Separately capture sections that have a name, but do not match the next section

2

Text: I have the following text (where the match's will be made):

Header 1
Codigo : c001
Nombre : Juan
Total  : 45,78



Header 1
c001
Nombre : Juan
Cantidad : 23
Subtotal : 45.89

Total     : 3410.67

Header 1
Codigo : c002
Nombre : Ana
Total  : 45.89    
Header 1
c001
Nombre : Juan
Cantidad:4

Objective: As noted, Juan has 3 sections (the first 2 and the last). I try to separately obtain the Juan sections (using your code: c001 - in some sections there may not be the word Codigo ).

Code: This is what I tried

/(Header1.*?c001.*?)Header1/ism

Start with the word Header 1 and, since there is no text that delimits the section, then I use the following Header 1 .

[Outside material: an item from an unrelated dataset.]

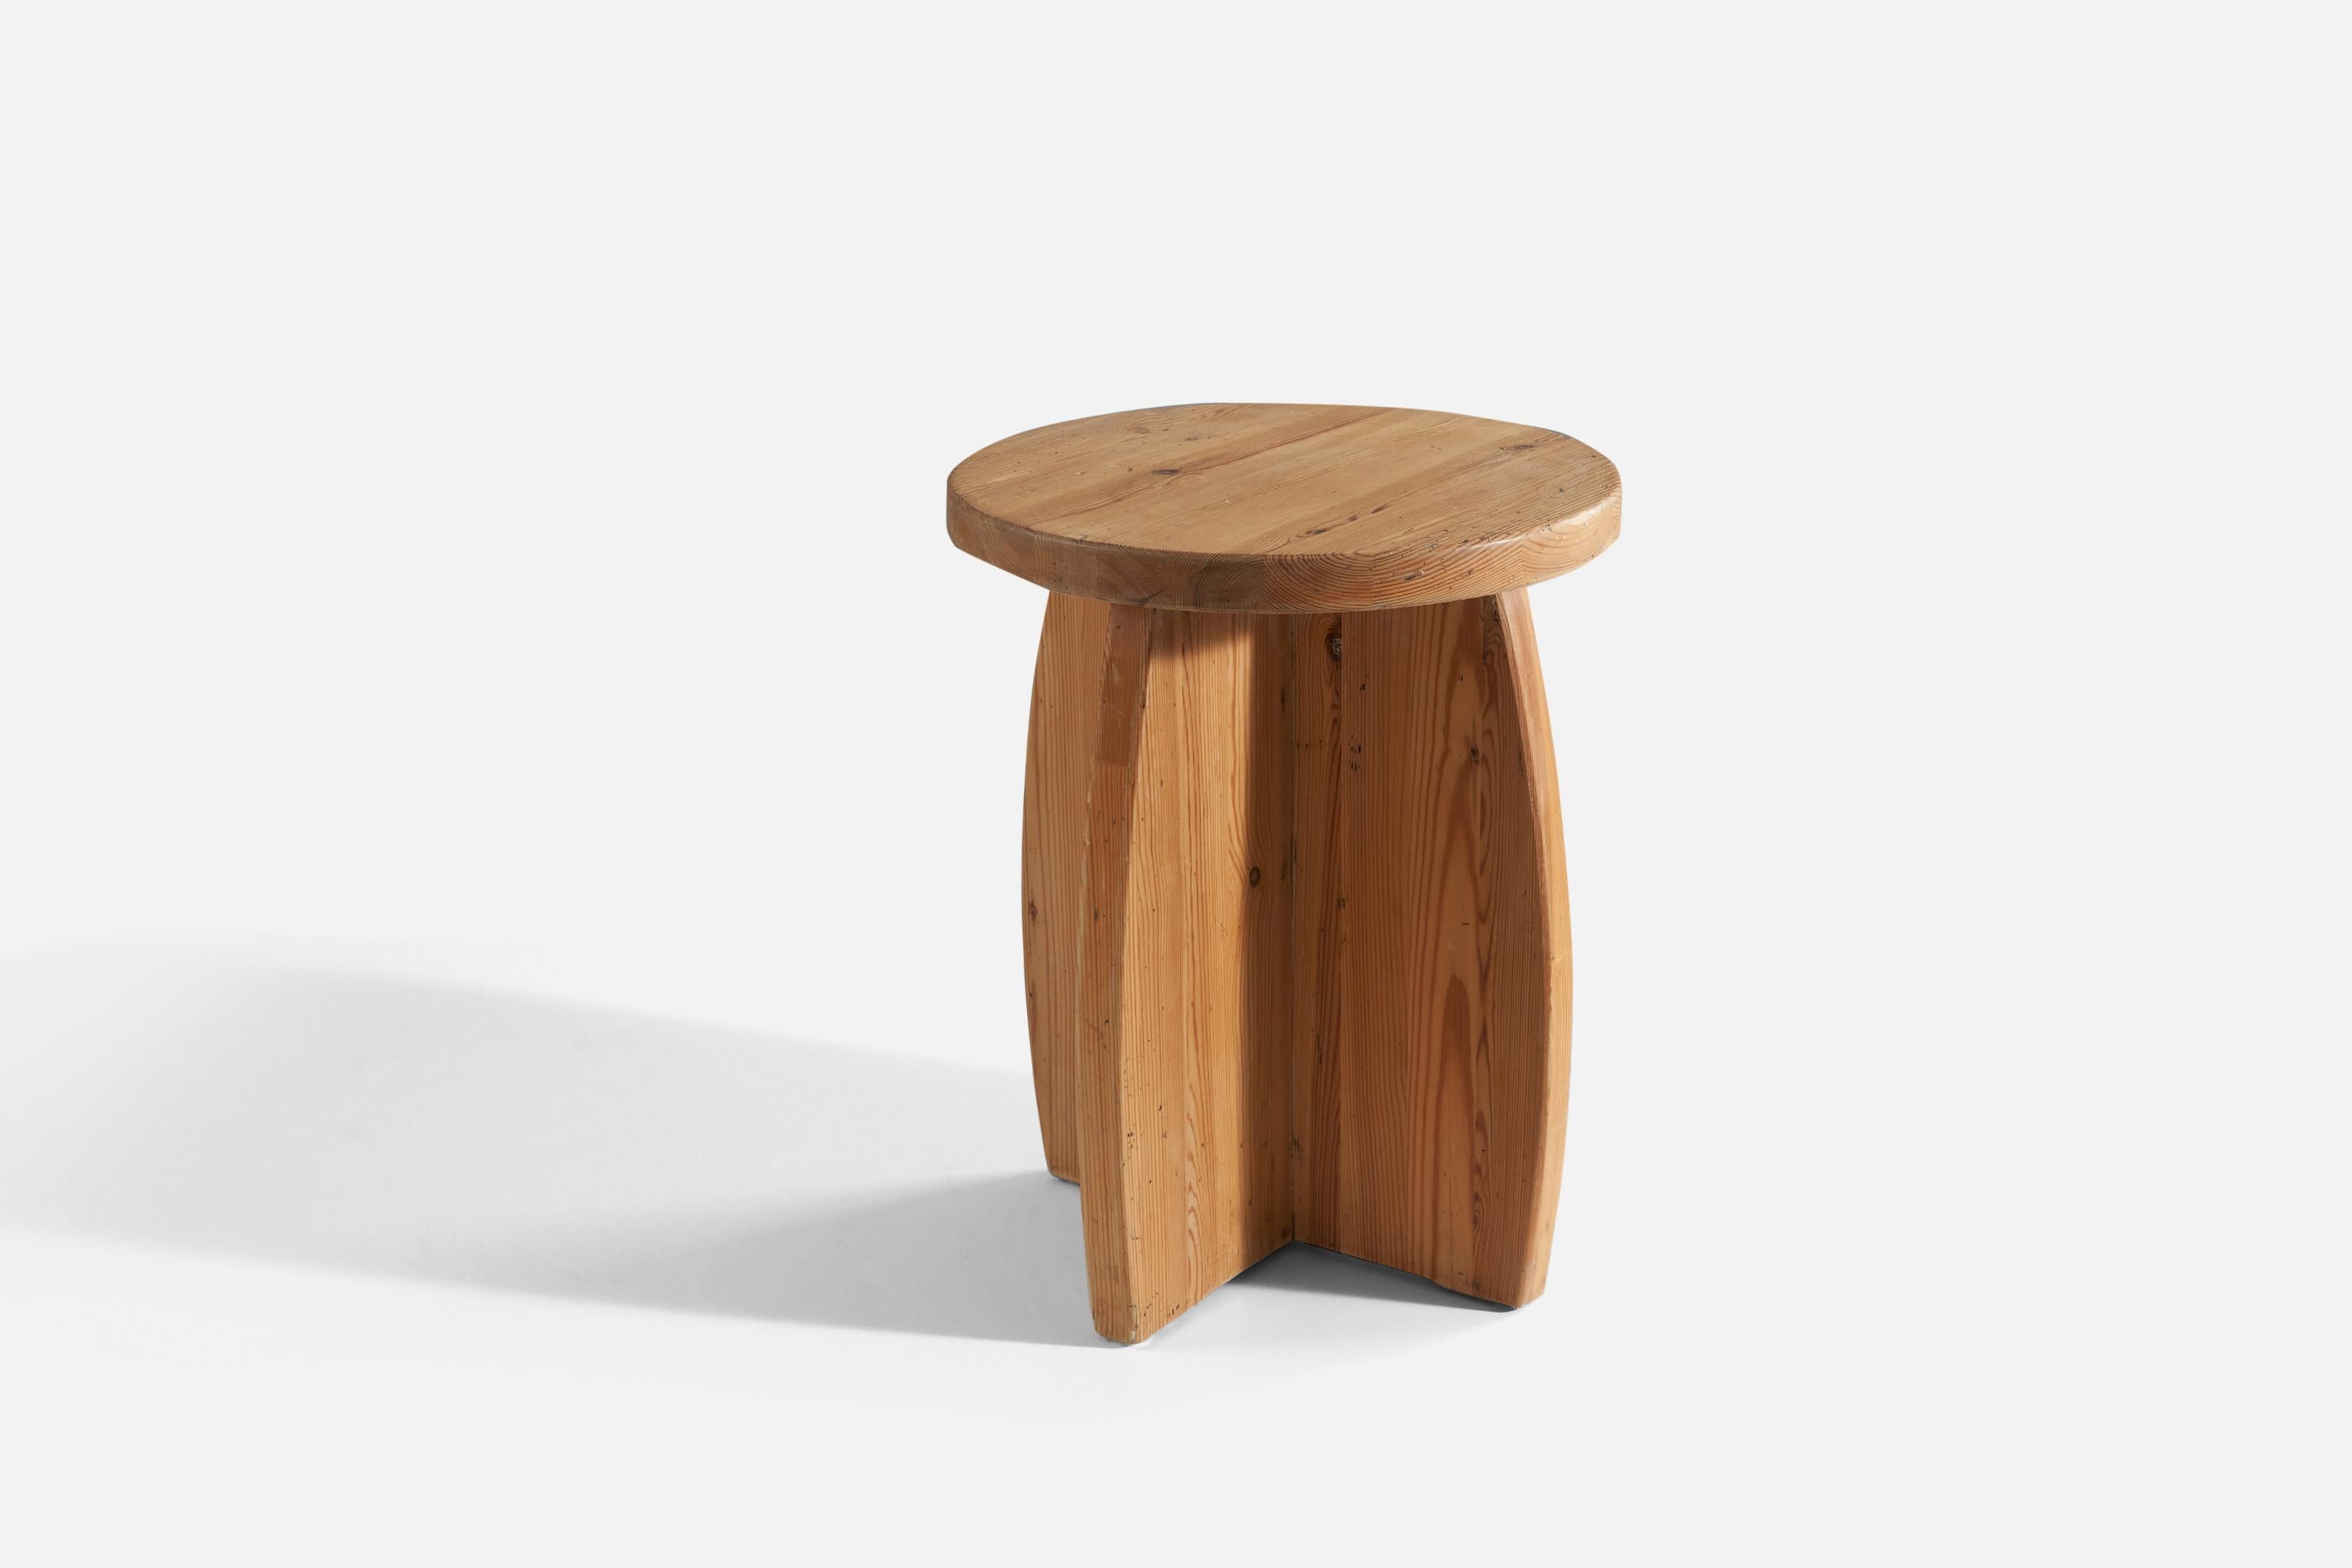 A solid pine wood stool produced in Sweden, c. 1970s.

Problem: does not match all sections, and in some matches it takes more than one section.

Questions:

  • What is the best regular expression that helps me capture each section of Juan , assuming that each section is variable, where the headers Header 1 mark the beginning and end of the section?

  • What if I want to identify them only by their code c001 ?

  • asked by Walter Zamalloa Perez 22.03.2018 в 04:32
    source

    1 answer

    6
      

    What would be the regular expression that helps me to capture each section of "Juan", assuming that each section is variable and the only thing that you have to identify them is your code, in addition to the headings "Header 1"

    To match the lines between the Header and the name, you have to consume all the lines that follow it, as long as the beginning of this line is not followed by a Header :

    ^Header 1(?:\R(?!Header ).*+)*?
    


    And after the name, which coincides with the same, all the lines that may be within the same section: regex101

    /^Header 1$(?:\R(?!Header ).*+)*?\RNombre : Juan$(?:\R(?!Header ).*+)*/mi
    


    Logic

    Subpatrón Descripción
    ^Header 1$ Línea completa que coincide con "Header 1"
    (modificador /m para que ^ y $ sean inicio/fin de línea)
    (?: )*? Es un grupo que repite el subpatrón cero o más veces:
    \R(?!Header ).*+ Un salto de línea, que no esté seguido por "Header ",
    y coincide con toda la línea
    \RNombre : Juan$ Una línea completa que coincide con el nombre buscado
    (?:\R(?!Header ).*+)* Más líneas que no empiezan con "Header "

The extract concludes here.